The Tango control system provides a buffer of the last values read for an attribute. This can be useful sometimes for performance reasons. The Polling Buffer support in TaurusTrend can be enabled in the Context Menu.

Forced read of attributes

Some attributes of the control system may be set to only send events when their value changes. In the case of TaurusTrend, this behaviour causes that attributes that do not change often, do not get new points in the trend and thus may seem to have been “lost”. To avoid this issue, you can instruct the TaurusTrend to periodically force re-read the attributes being displayed. You can enable this feature (and set the re-read period) from the Context Menu.

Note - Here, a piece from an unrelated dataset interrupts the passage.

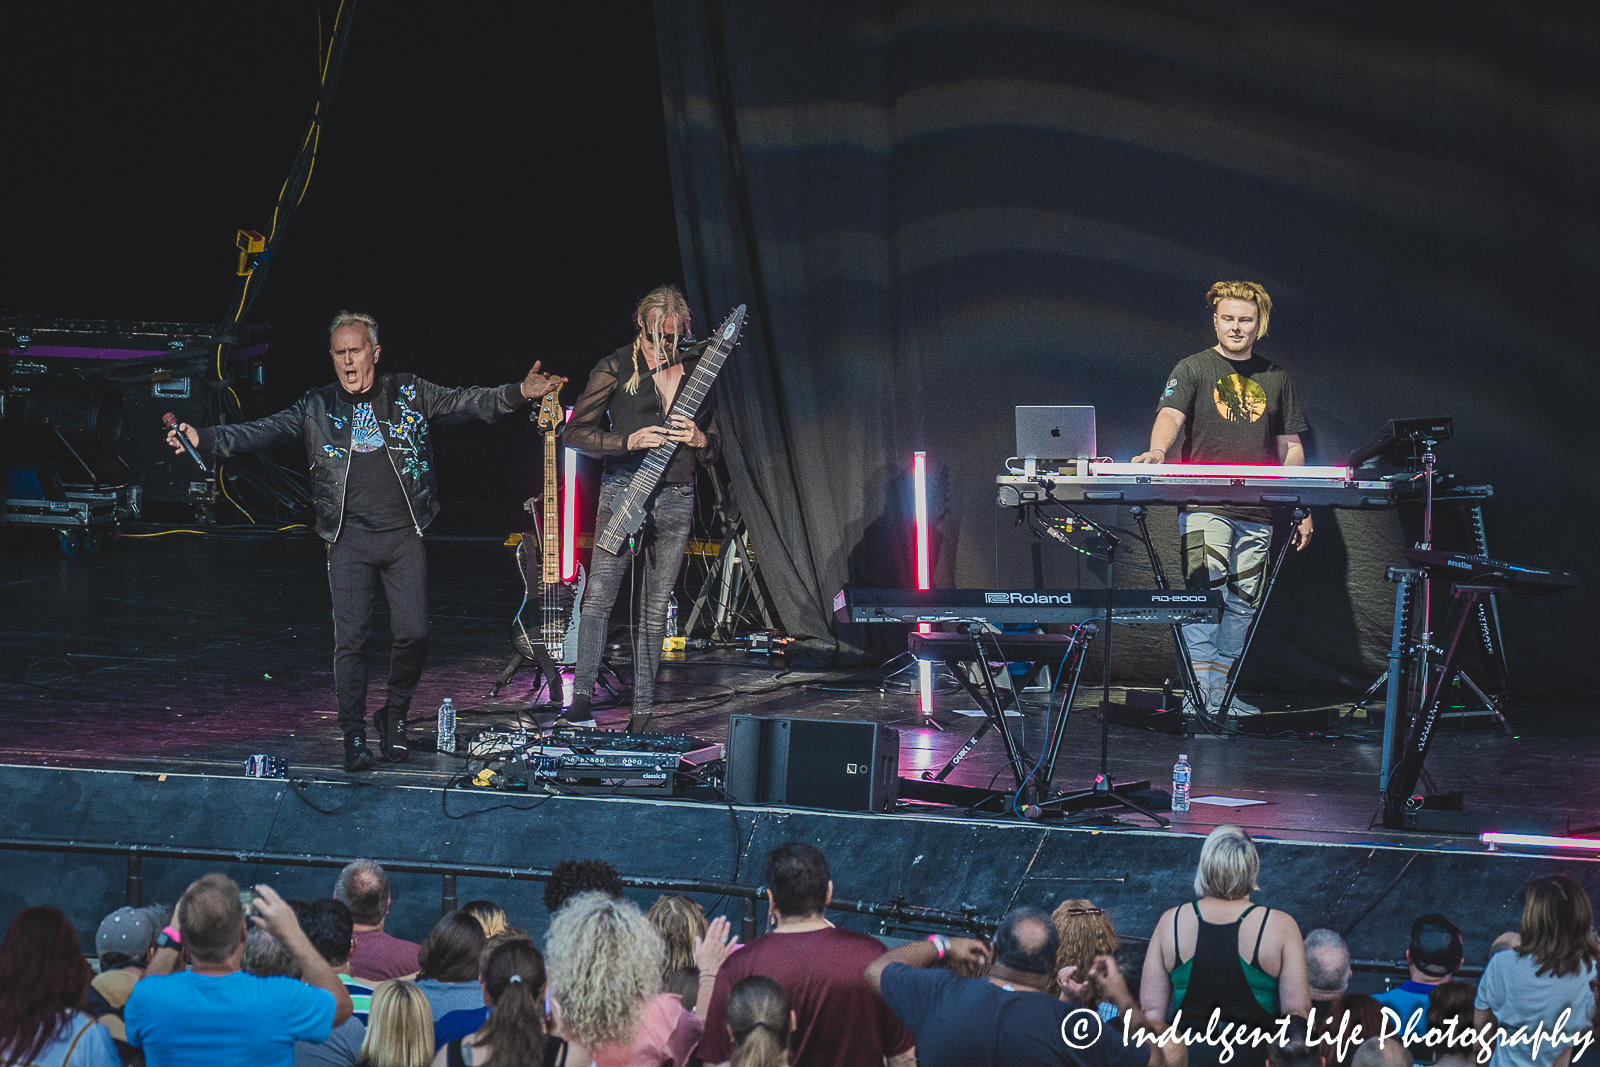 Starlight Theatre concert in Kansas City, MO featuring Howard Jones with bass guitarist Nick Beggs and keyboard player Dan Clarke on August 8, 2023.

If launching the TaurusTrend as a stand-alone application, you can also enable this at launch time by passing the -r option (see the TaurusTrend as a stand-alone application section).

Keep in mind the following:

  • When enabling this feature, TaurusTrend will ignore all other events (to guarantee that the refresh occurs at and only at the desired periodic times).
  • Setting very frequent re-reads may impact your control system and GUI performance. Specially if you are plotting several attributes. So, do not use this feature unless it is really needed

Known limitations

Limited timing precision when comparing two attributes

If two different attributes are plotted in the same trend, their times may appear slightly out-of-synch. For example, two parameters that are known to vary simultaneously may be apparently 0.5 seconds apart.

This occurs because TaurusTrend relies on the control system timestamps for assigning the time values. Therefore, its precision is limited by that of the control system for the given parameters.

Note that timestamps for an attribute may be assigned using the internal clock of the machine hosting the device server. Therefore, attributes managed by different machines may only be compared to the extent of the synchronization of the corresponding internal clocks. In such a case, keeping all machines synchronized is highly recommended (e.g., using NTP, accuracy should not be worse than 0.1s).